Leave out any picture and return the remaining listing below exactly as given.

§ **Stored data**:
------------------------------------------------------------------------
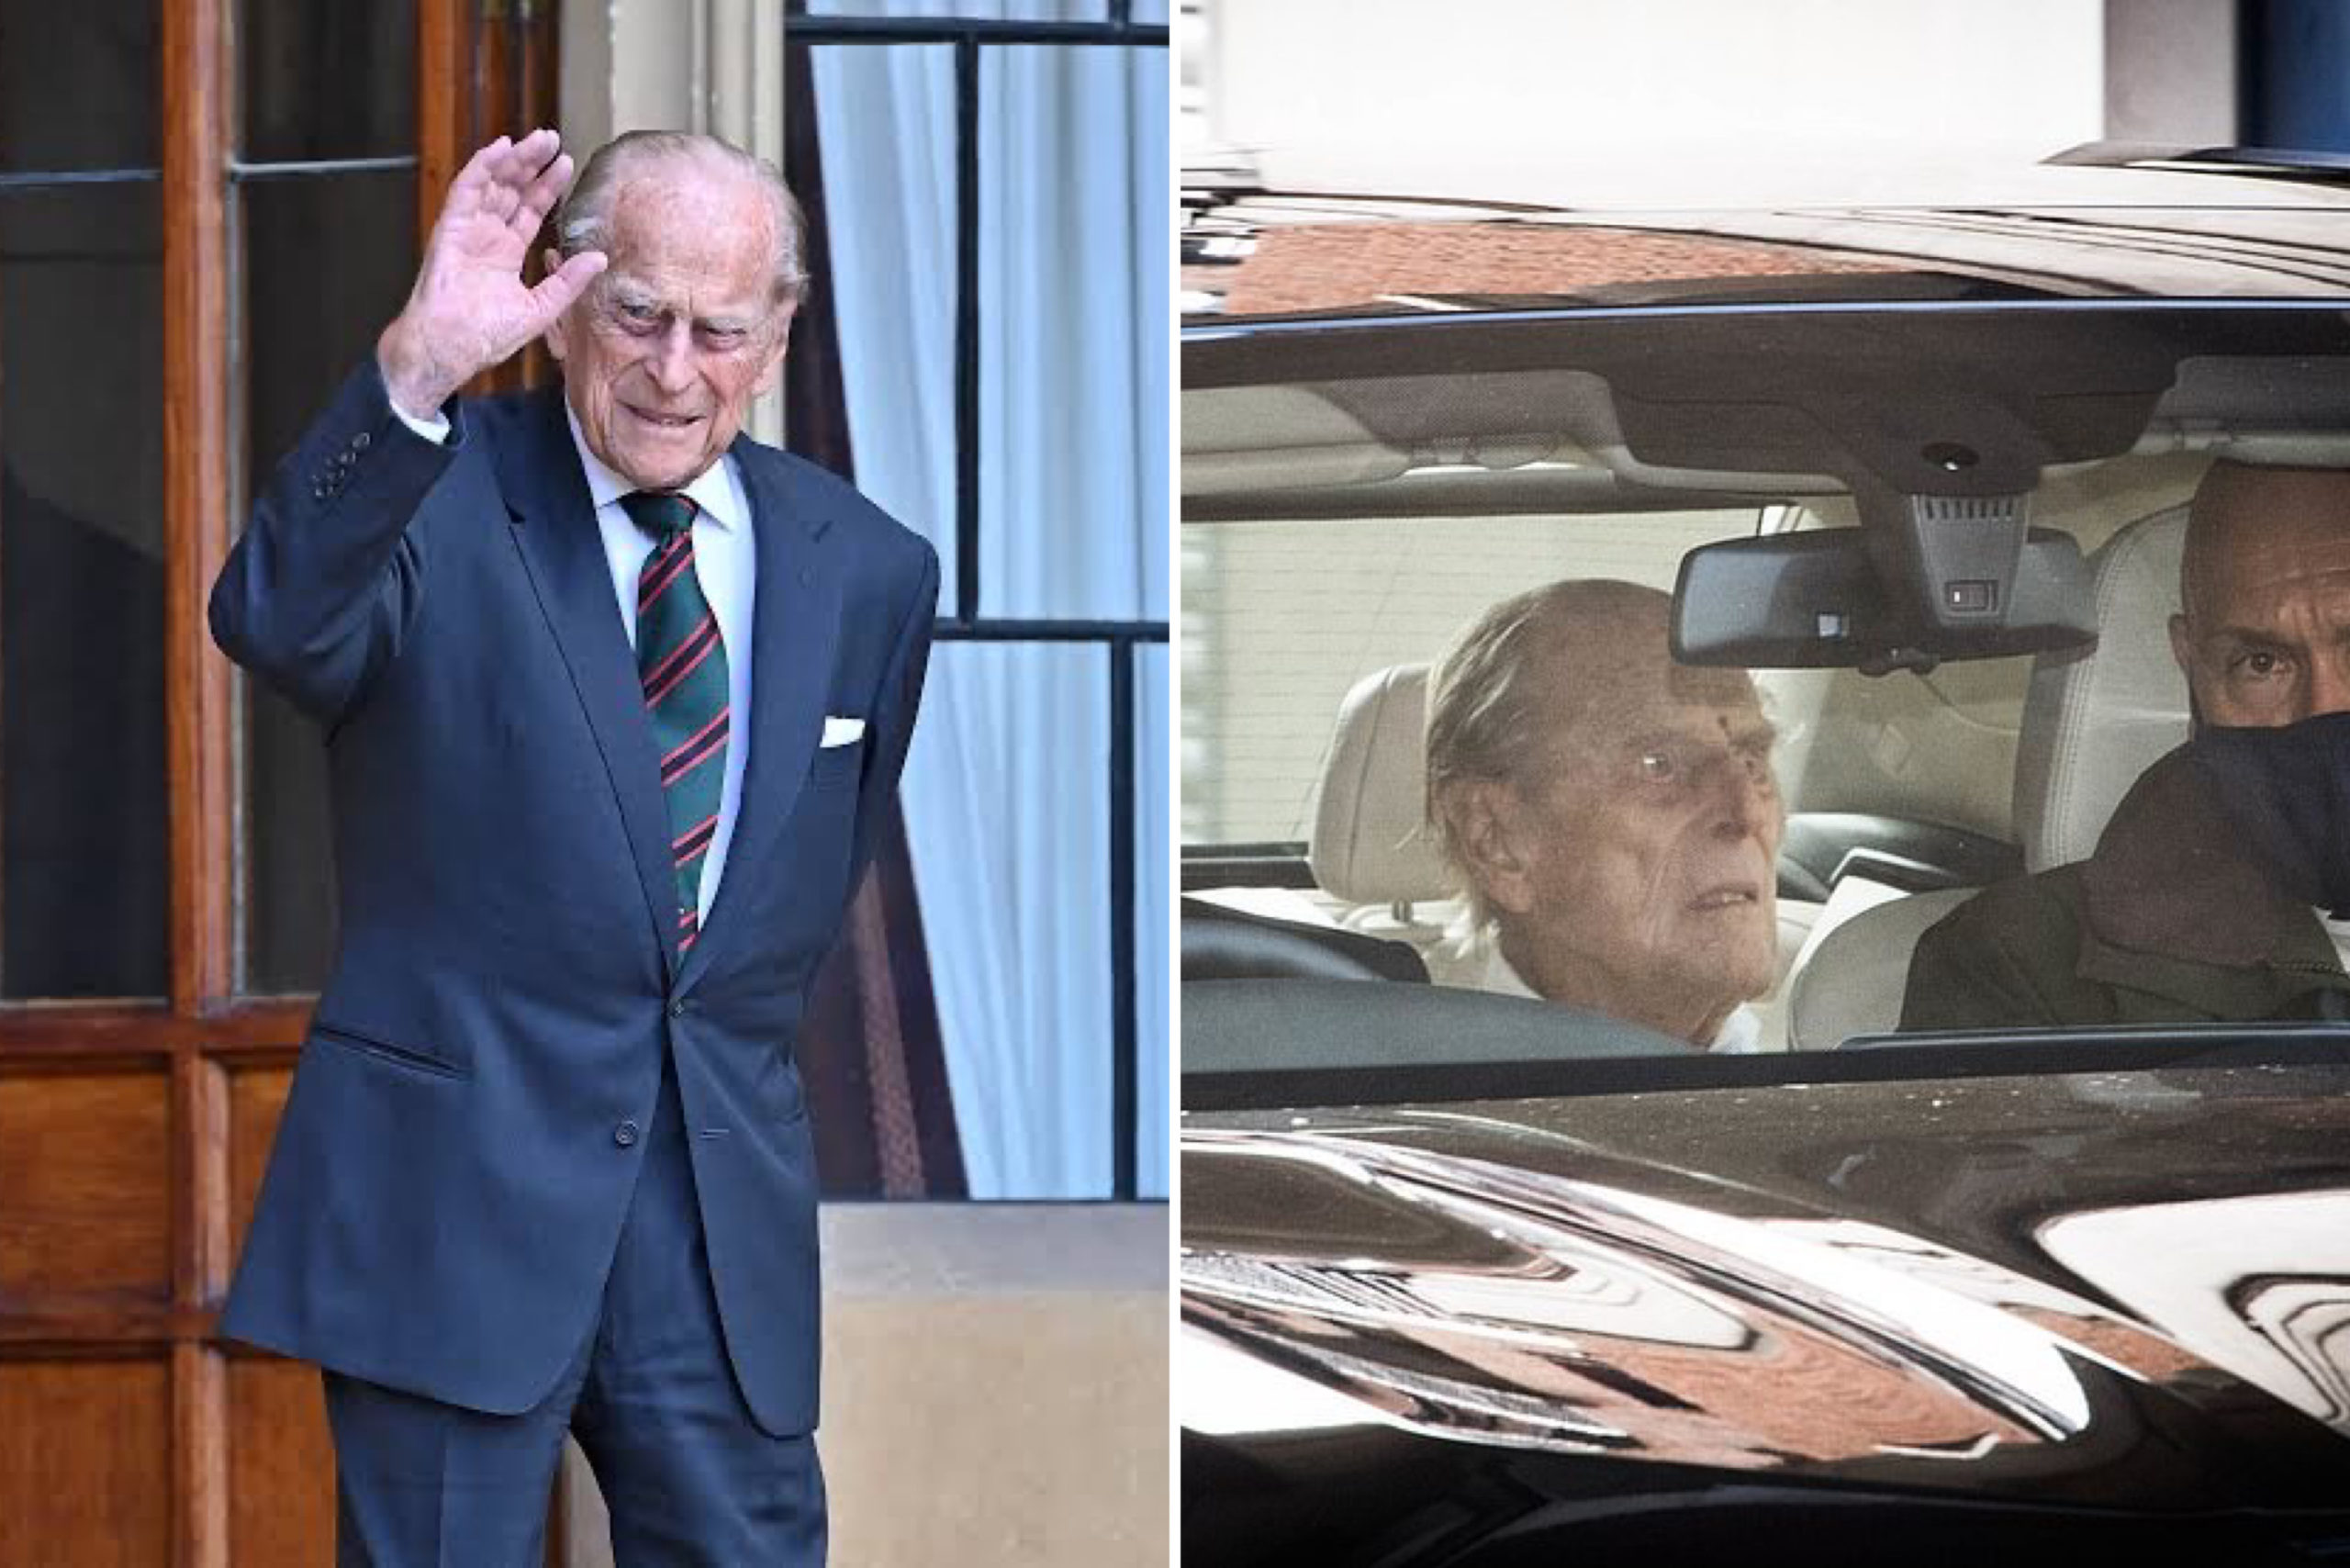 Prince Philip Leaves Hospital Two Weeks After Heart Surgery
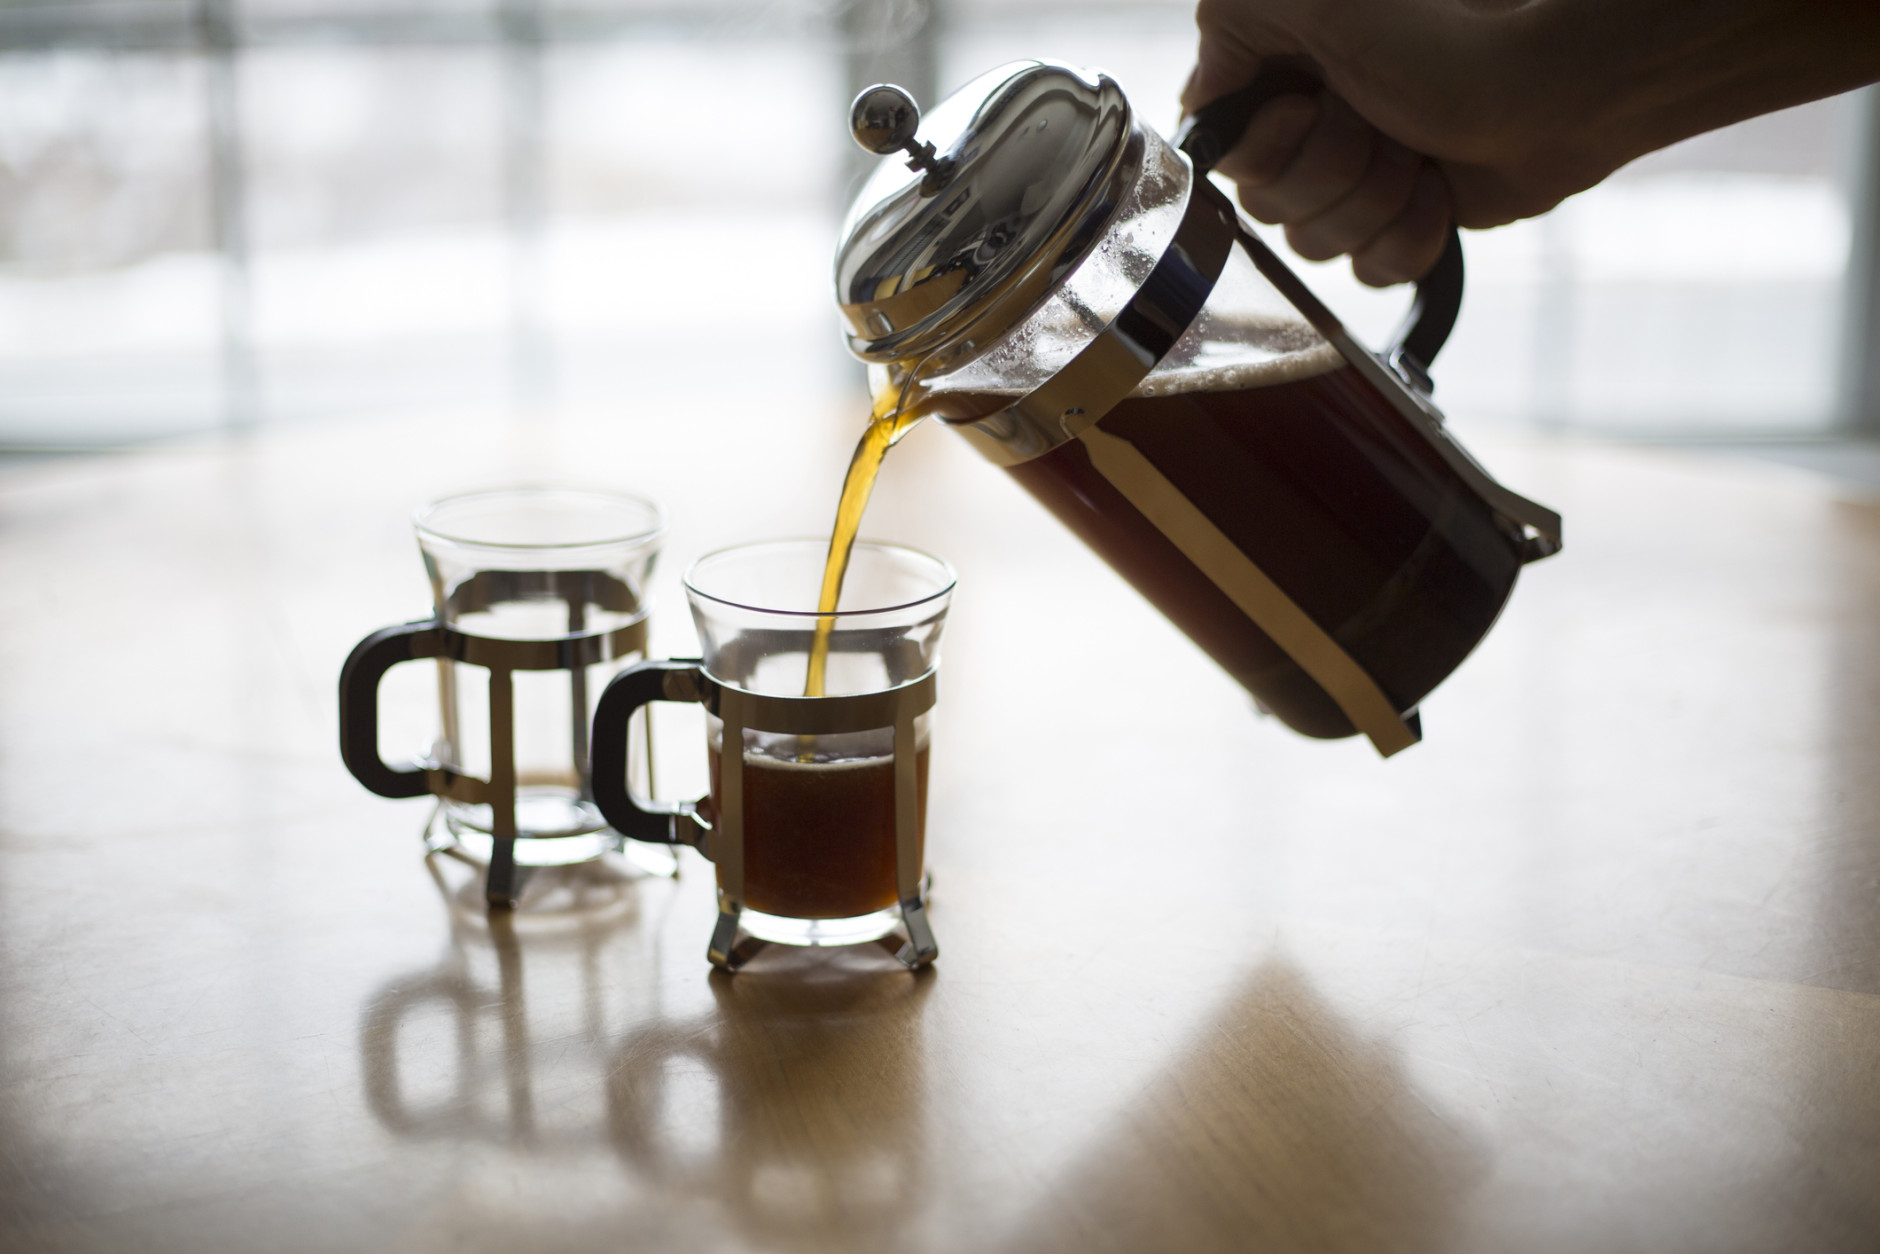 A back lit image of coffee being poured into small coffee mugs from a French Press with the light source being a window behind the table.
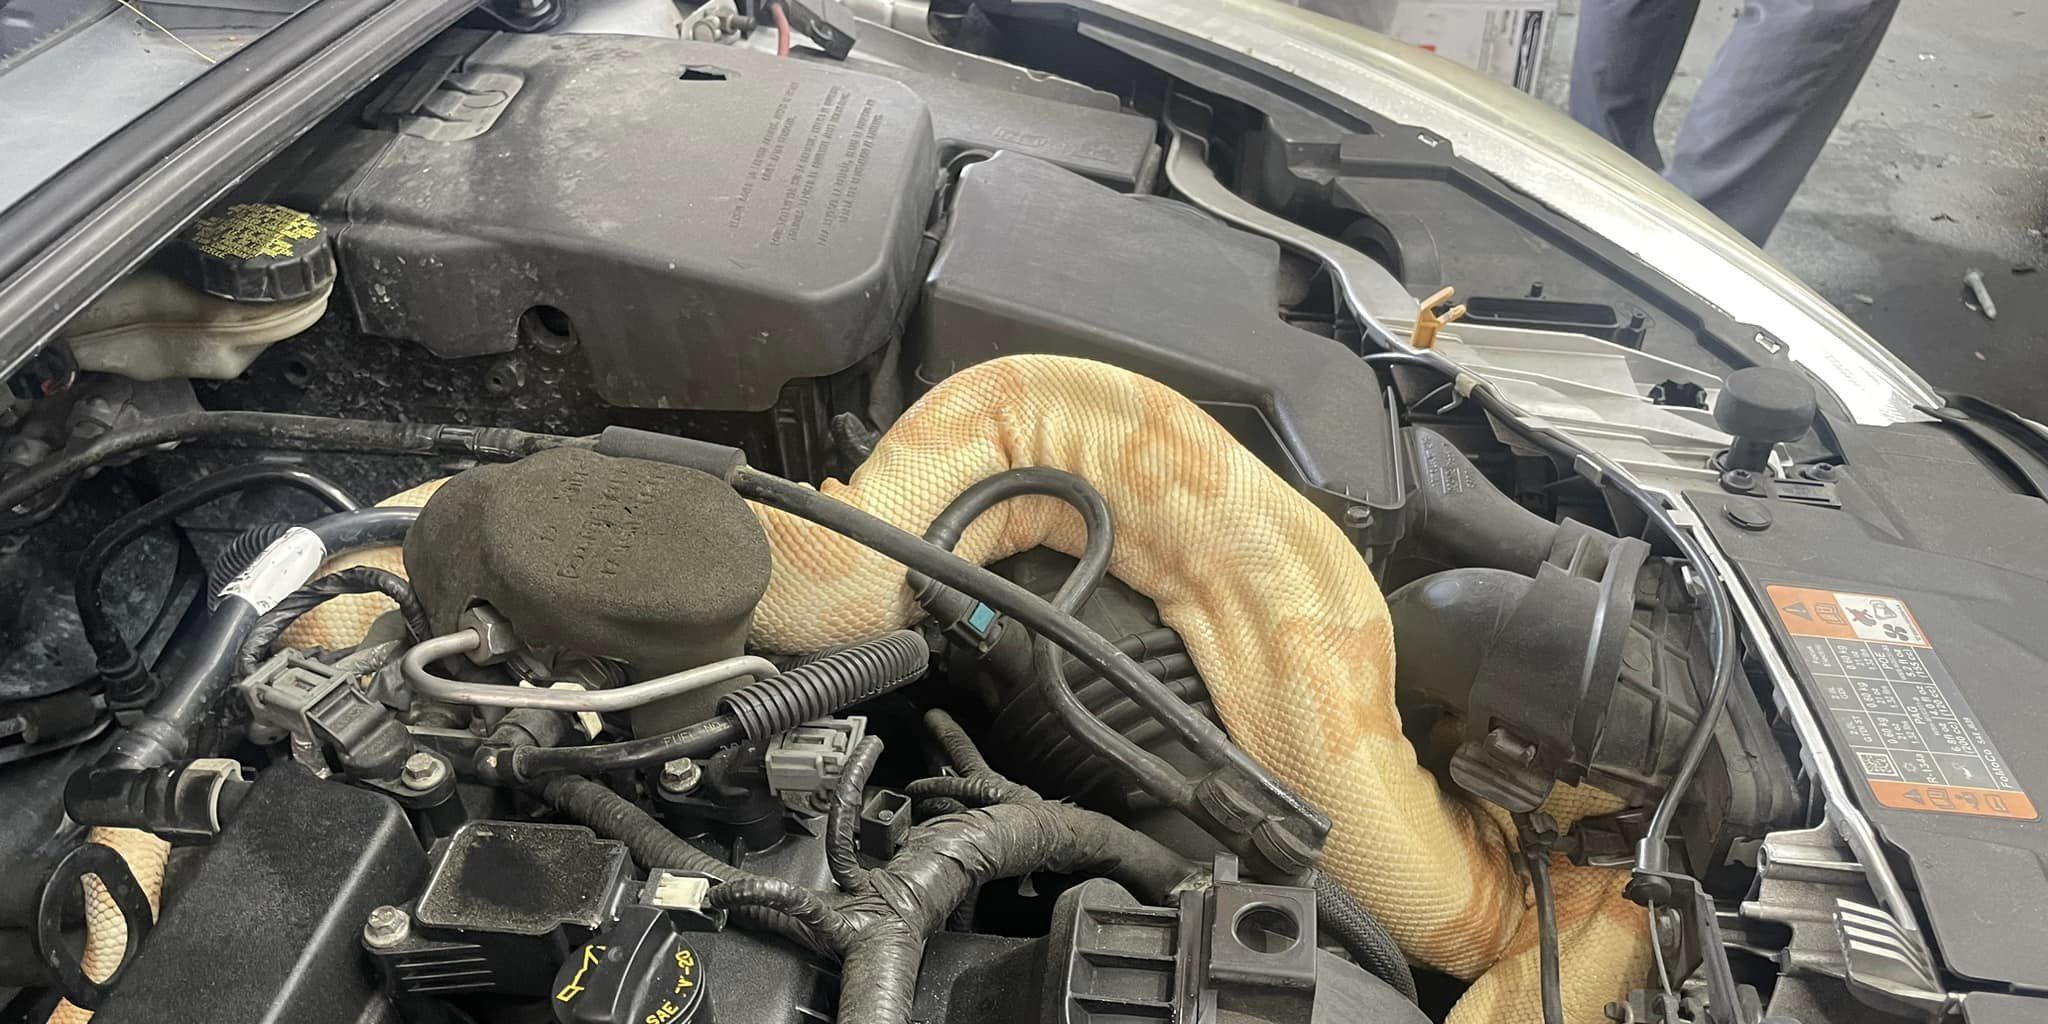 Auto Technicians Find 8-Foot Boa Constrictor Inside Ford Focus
------------------------------------------------------------------------
§ **Solution for this task**:
 Prince Philip Leaves Hospital Two Weeks After Heart Surgery
 A back lit image of coffee being poured into small coffee mugs from a French Press with the light source being a window behind the table.
 Auto Technicians Find 8-Foot Boa Constrictor Inside Ford Focus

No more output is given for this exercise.